À medida que os incêndios florestais se movem através de florestas, pastagens e turfeiras, libertam grandes quantidades de gases e partículas no ar. Os cientistas dizem agora que a poluição causada por estes incêndios pode ter sido subestimada. Incêndios florestais e queimadas prescritas (ou seja, incêndios florestais) em todo o mundo podem emitir níveis mais elevados de gases que causam poluição do ar do que as estimativas anteriores, relata um estudo publicado na ACS Environmental Science & Technology. O estudo também destaca várias áreas onde as emissões dos incêndios se sobrepõem à poluição proveniente das atividades humanas, criando desafios particularmente graves na qualidade do ar.
“Nossa nova estimativa aumenta as emissões de compostos orgânicos provenientes de incêndios florestais em aproximadamente 21%”, disse Lyuyin Huang, principal autor do estudo. “Este inventário estabelece as bases para modelos mais detalhados da qualidade do ar, avaliações de riscos à saúde e análises de políticas relacionadas ao clima.”
Todos os anos, os incêndios florestais queimam grandes áreas de vegetação, libertando na atmosfera uma mistura complexa de vapor de água, cinzas e produtos químicos à base de carbono. Alguns desses produtos químicos são compostos orgânicos voláteis (COV), que podem facilmente existir na forma gasosa. Outras substâncias apenas evaporam a temperaturas mais elevadas e tornam-se gases, sendo classificadas como compostos orgânicos voláteis médios e compostos orgânicos semivoláteis (IVOCs e SVOCs, respetivamente). Em comparação com os compostos orgânicos voláteis, estes compostos parcialmente voláteis têm maior probabilidade de formar partículas finas quando entram no ar e podem ser prejudiciais se inalados.
Os produtos químicos esquecidos na fumaça dos incêndios florestais
Apesar da sua importância, os IVOCs e SVOCs são frequentemente ignorados nos estudos de emissões de incêndios florestais. O seu grande número e a complexidade química tornam-nos difíceis de medir, levando muitas avaliações anteriores a concentrarem-se principalmente nos COV. Os investigadores liderados por Shuxiao Wang pretendem incluir IVOCs e SVOCs juntamente com VOCs para compreender melhor como os incêndios florestais afectam a qualidade do ar, a saúde humana e o clima.
Para fazer isso, a equipe examinou primeiro um banco de dados global que rastreia terras queimadas por incêndios florestais, pastagens e turfeiras entre 1997 e 2023. Eles então coletaram informações sobre VOCs, IVOCs, SVOCs e outros compostos orgânicos de volatilidade muito baixa liberados quando diferentes tipos de vegetação queimam. Quando medições diretas de campo não são possíveis, os pesquisadores contam com experimentos de laboratório para estimar os produtos químicos produzidos.

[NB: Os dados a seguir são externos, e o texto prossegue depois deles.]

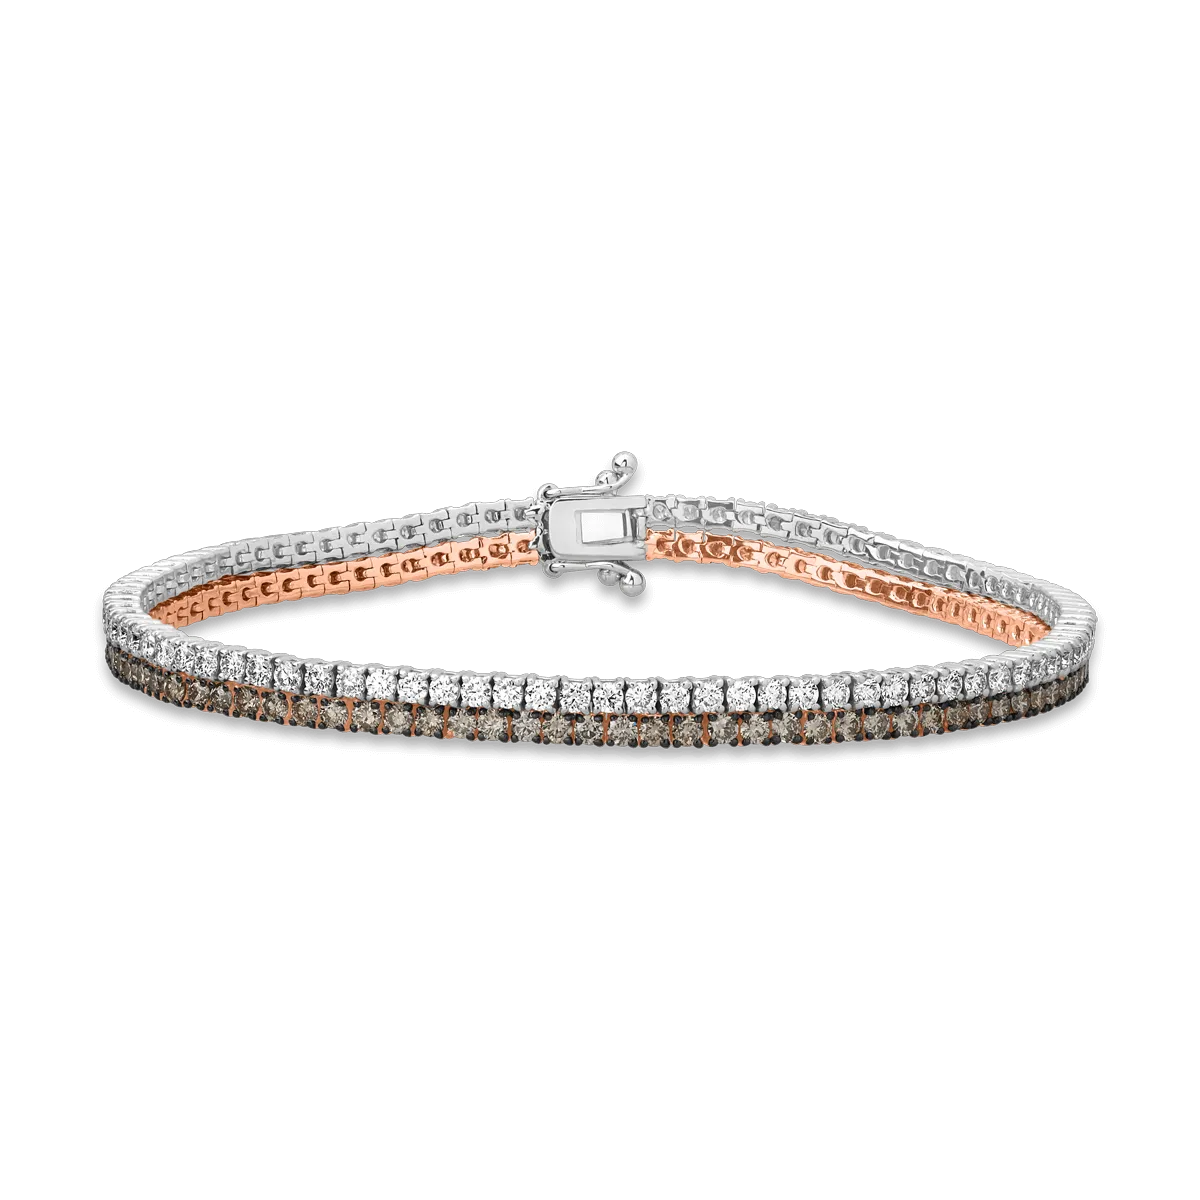 18K white-rose gold tennis bracelet with clear diamonds of 2.35ct and brown diamonds of 2.35ct
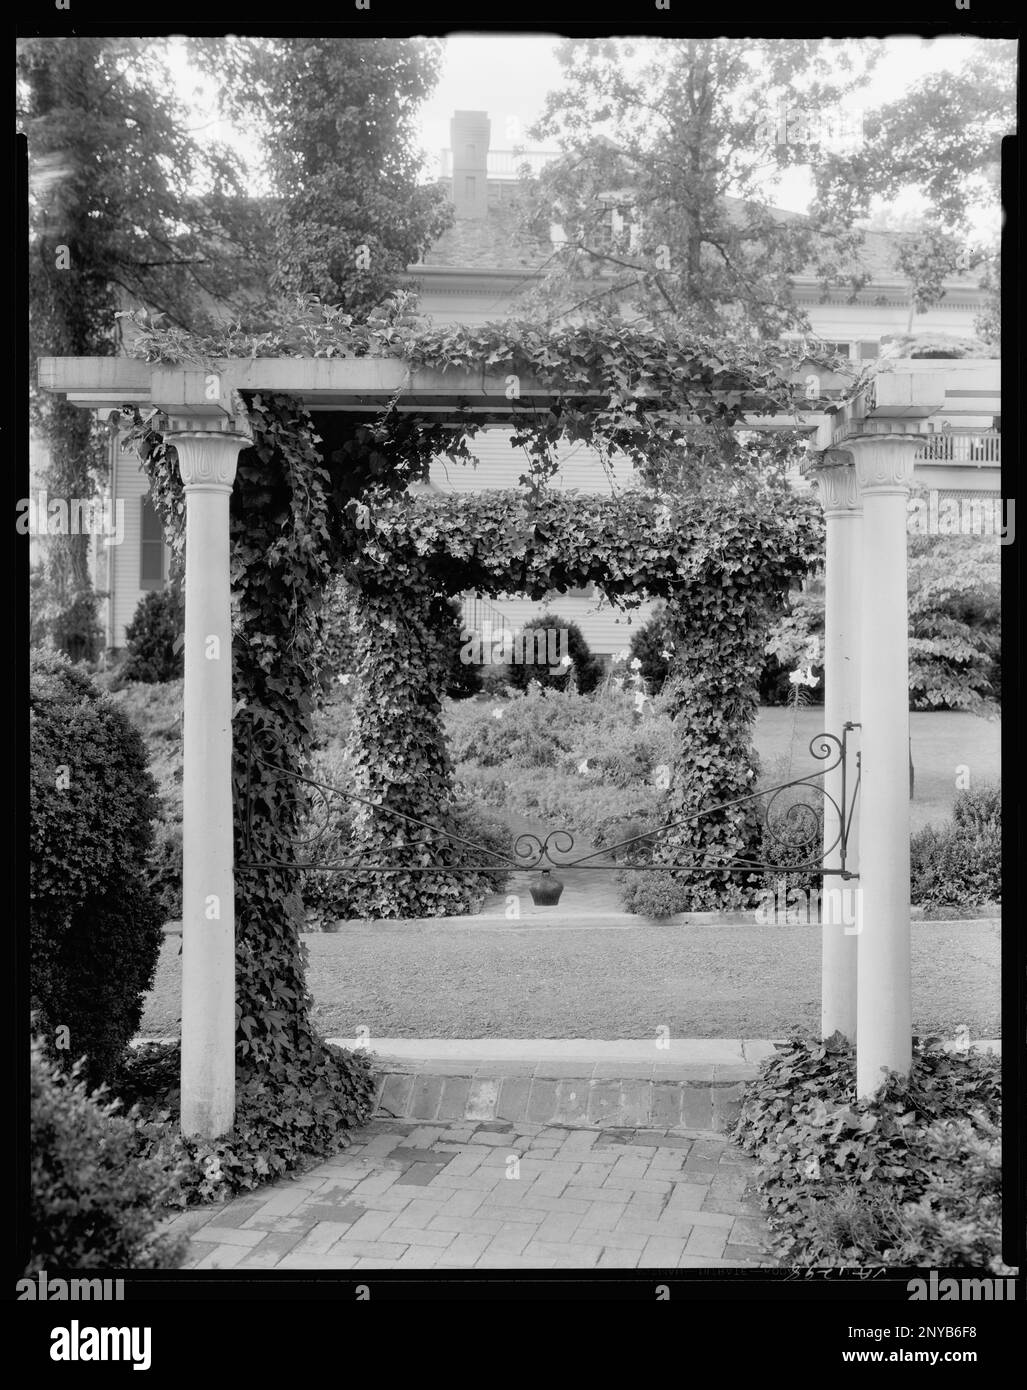 Rose Hill, Greenwood, Albemarle County, Virginia. Carnegie Survey of the Architecture of the South. United States  Virginia  Albemarle County  Greenwood, Arbors , Bowers, Gardens. Stock Photo

Esses dados são combinados para calcular as emissões globais anuais de incêndios florestais.
Totais globais e pontos críticos de poluição
Usando este método, os pesquisadores estimaram que os incêndios florestais liberaram uma média de 143 milhões de toneladas de compostos orgânicos transportados pelo ar a cada ano durante o período do estudo. Este número é cerca de 21% superior às estimativas anteriores, indicando que as emissões de incêndios florestais, especialmente IVOCs e SVOCs, contribuem mais para a poluição atmosférica do que os cientistas imaginavam.
Quando as emissões dos incêndios florestais foram comparadas com as primeiras estimativas de poluição proveniente da actividade humana, os investigadores descobriram que a actividade humana em geral produzia mais compostos transportados pelo ar. No entanto, ambas as fontes divulgaram quantidades semelhantes de IVOC e SVOC. A comparação também revelou pontos críticos de emissões comuns, incluindo a Ásia equatorial, o hemisfério norte de África e o Sudeste Asiático. Os investigadores dizem que a poluição do ar nestas áreas é particularmente complexa e requer estratégias diferentes para reduzir as emissões provenientes dos incêndios florestais e da atividade humana.
Os autores reconhecem o financiamento da Fundação Nacional de Ciências Naturais da China, do Programa Nacional de Pesquisa e Desenvolvimento da China, do Instituto de Pesquisa de Tecnologia Avançada Samsung e do Centro de Computação de Alto Desempenho da Universidade de Tsinghua.